Interactivité des titres de presse sur les réseaux sociaux

[ Nous aussi on peut faire dans le titre buzz... ]

Un petit goût de provocation ce titre ? Ah bon ? Derrière l’humour se cache néanmoins un article que j’ai voulu analytique et sérieux sur l’interactivité que proposent les titres de presse sur les réseaux sociaux (et Facebook en particulier) à travers l’ouverture de leurs commentaires.  La genèse de ce billet tient à un échange quelques peu houleux sur Facebook entre le magazine d’actualité Slate.fr et moi-même il y a un mois de cela. Oui, c’est fichtrement long et si je ne le publie qu’aujourd’hui c’est bien parce que j’ai voulu me laisser le temps de réfléchir à l’anecdote (qui, je le précise immédiatement, aurait largement pu se produire avec tout autre titre de presse).

Slate.fr, je vous aime bien mais…

Je suis régulièrement les articles de Slate.fr sur mon application mobile et sur mon fil Facebook car je les trouve souvent pertinents et apportant une plus-value informationnelle rafraîchissante au regard de certains autres titres de presse qui diluent les dépêches AFP, quand ils ne se contentent pas de les recopier bêtement. Je les lis depuis déjà quelques années, et j’ai pris l’habitude de les commenter via Facebook quand le commentaire me venait, la possibilité étant offerte aux internautes, cela me semblait être un espace d’échange autorisé. Ces choses étant dites, et sans que cela ne retire rien au bien que je pense de cet organe de presse, il y a un mois de cela, nous sommes tombés en désaccord, tant sur le fond que sur la forme.

Pourquoi ce froid entre nous ?

Il se trouve que le 15 août, Slate.fr a publié un article titré « Voiture: Les femmes se garent-elles moins bien que les hommes ? » qui avait occasionné pas moins de 29 commentaires (contre une dizaine en moyenne d’ordinaire) dont certains fortement empreints de machisme. Bien sûr, il fallait entendre l’ironie dans le propos et lire l’article pour se rendre compte que le magazine rebondissait sur un fait-divers allemand et tentait de répondre (plus ou moins) scientifiquement à la question. Une lecture nécessaire que beaucoup de facebookers n’auront pas faite avant de réagir à l’article.

J’avais suivi les échanges de loin, mi-déçue des commentaires ainsi récoltés, mi-agacée de la provocation de Slate.fr.

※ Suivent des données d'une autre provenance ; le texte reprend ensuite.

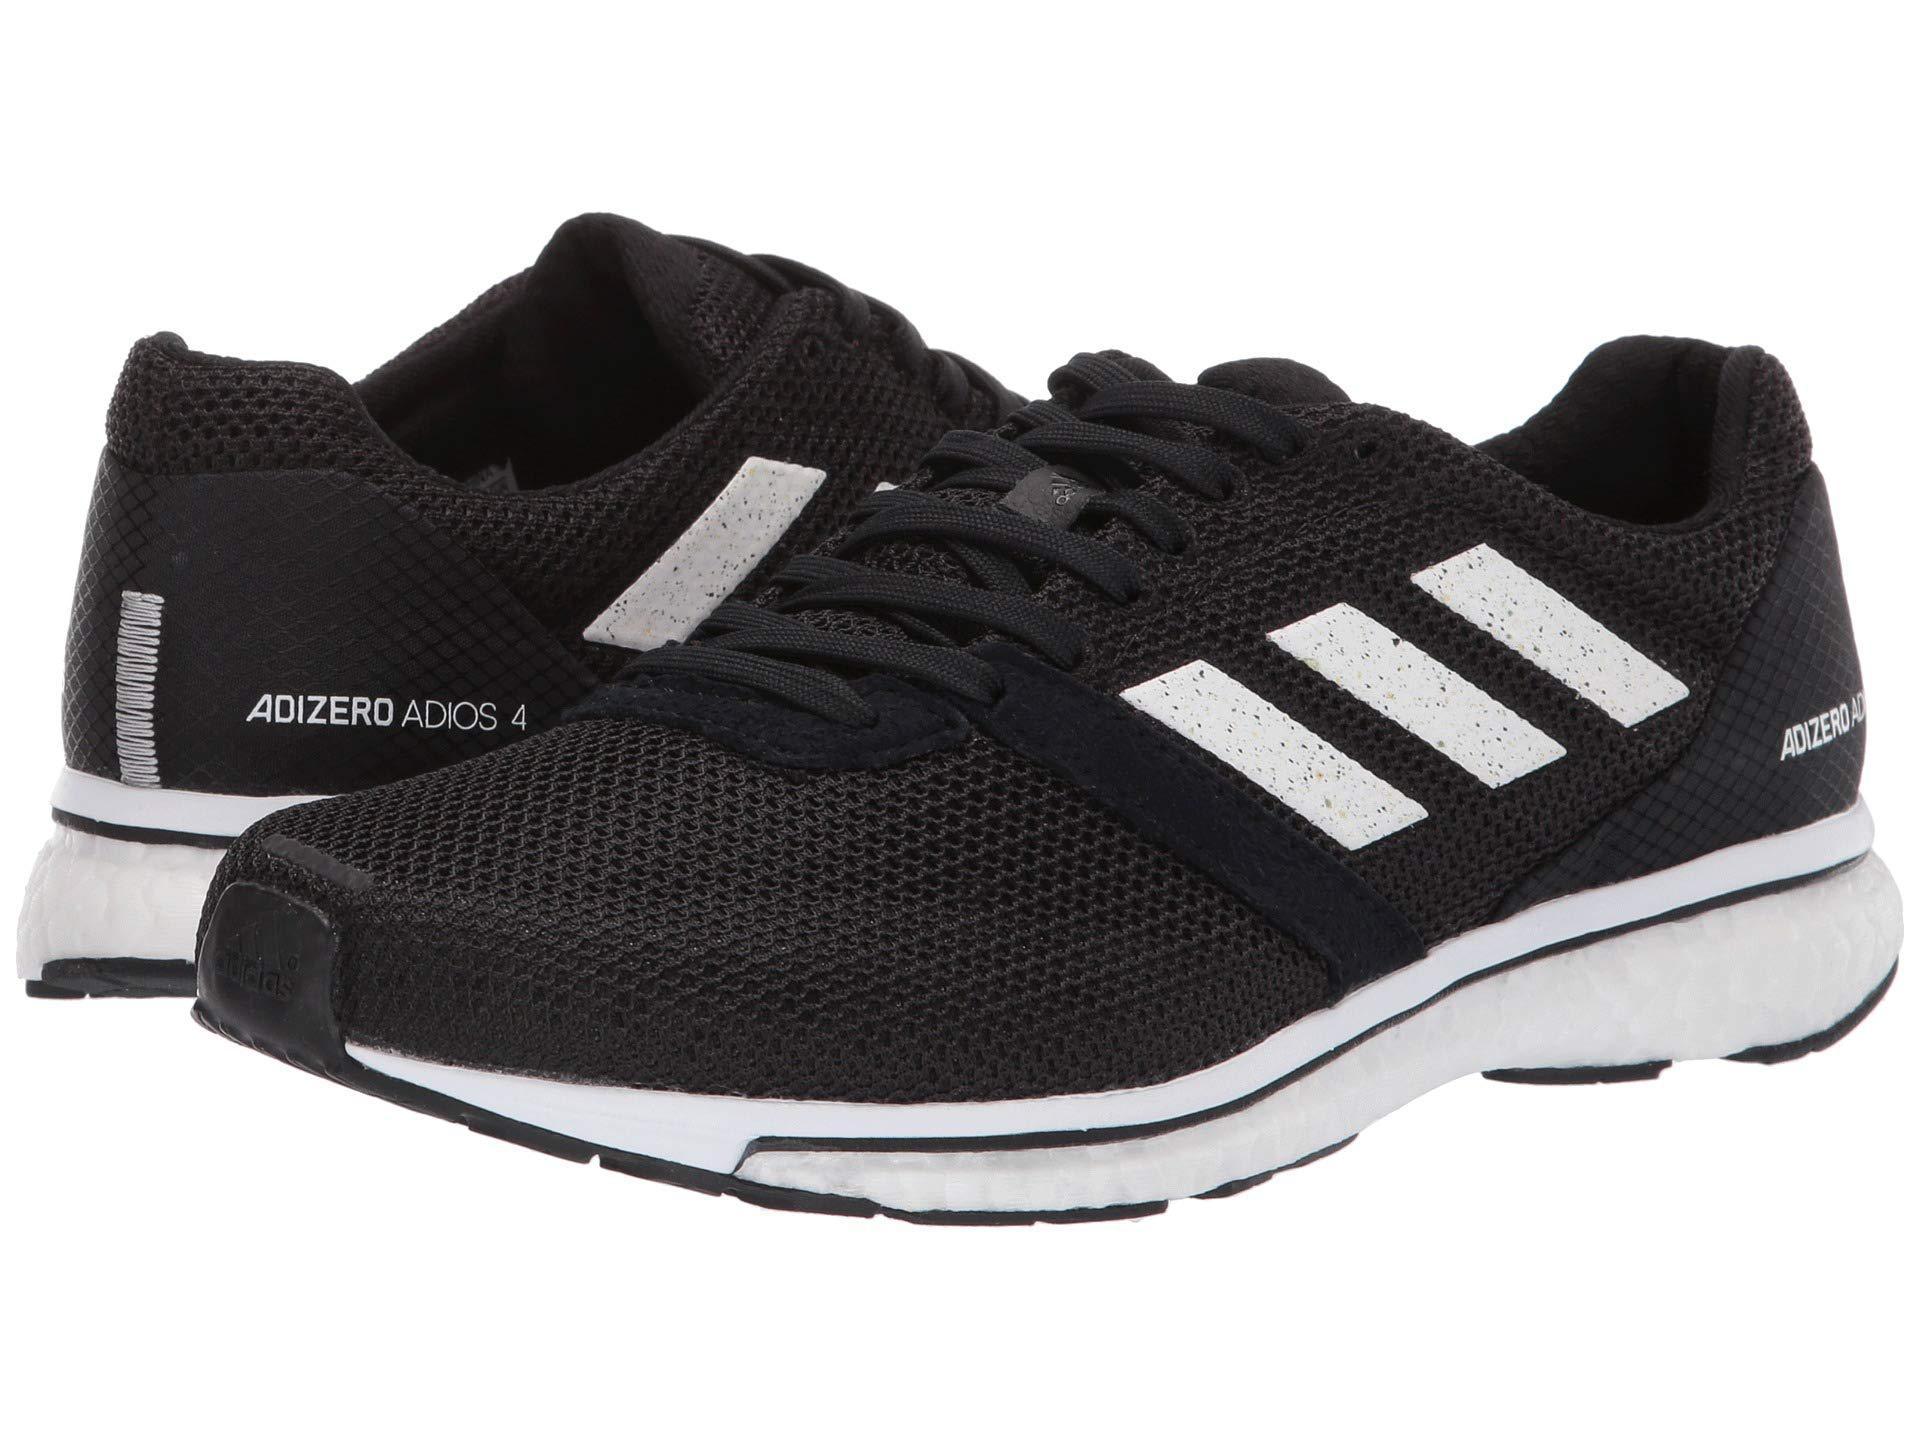 26eebca29 Lyst - Adidas Originals Adizero Adios 4 (black footwear White black ...
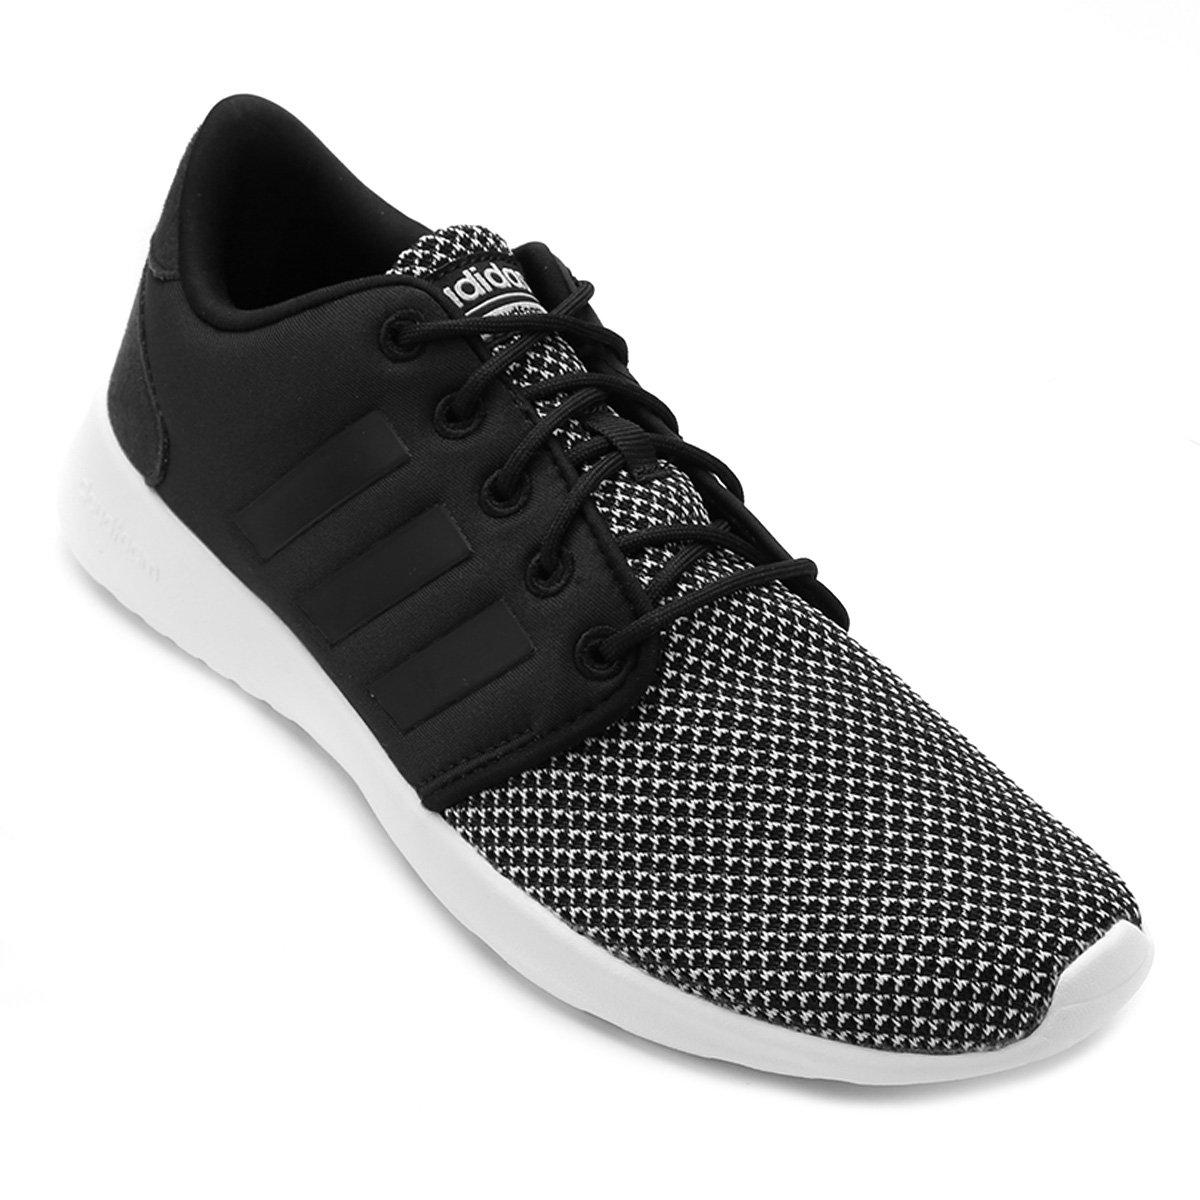 Tênis Adidas CF QT Racer Feminino - Preto - Compre Agora  8fdb87dcce4d6

Connaissant les usages de Facebook, où peu de liens sont suivis étant donné que le réseau sert davantage d’agrégateur de flux RSS  que de réelle source de contenus, à quoi pouvait-on s’attendre d’autre ?

Femmes au volant... par Slate.fr

Femmes au volant… par Slate.fr

Là où l’agacement a pris le dessus, c’est lorsque le 17 août, soit 2 jours plus tard, Slate.fr réitère l’opération avec cette fois l’article « Pourquoi les musiciens font rêver les filles ? » , un papier au ton estival et humoristique qui liste les 6 raisons qui font fondre la gente féminine devant les gratteux de l’été. Le problème étant encore une fois que pour bien saisir l’humour, il eu fallu lire l’article, ce que se sont empressés de ne pas faire la plupart des internautes ainsi appâtés par pareille provocation. Bilan : 26 commentaires,  70 partages (contre une vingtaine en moyenne) et 89 likes (alors que ceux-ci varient d’ordinaire entre 5 et 30 environ).

Si ce jour-là j’avais porté ma casquette de marketeuse, j’aurais applaudi des deux mains. Parce que c’était une belle opération, mais également parce qu’en marketing, la fin justifie souvent les moyens. Hélas, ce 17 août, c’était ma casquette de lectrice passionnée du traitement des médias que je portais, et celle-ci m’est violemment tombée sur le nez à la lecture des commentaires.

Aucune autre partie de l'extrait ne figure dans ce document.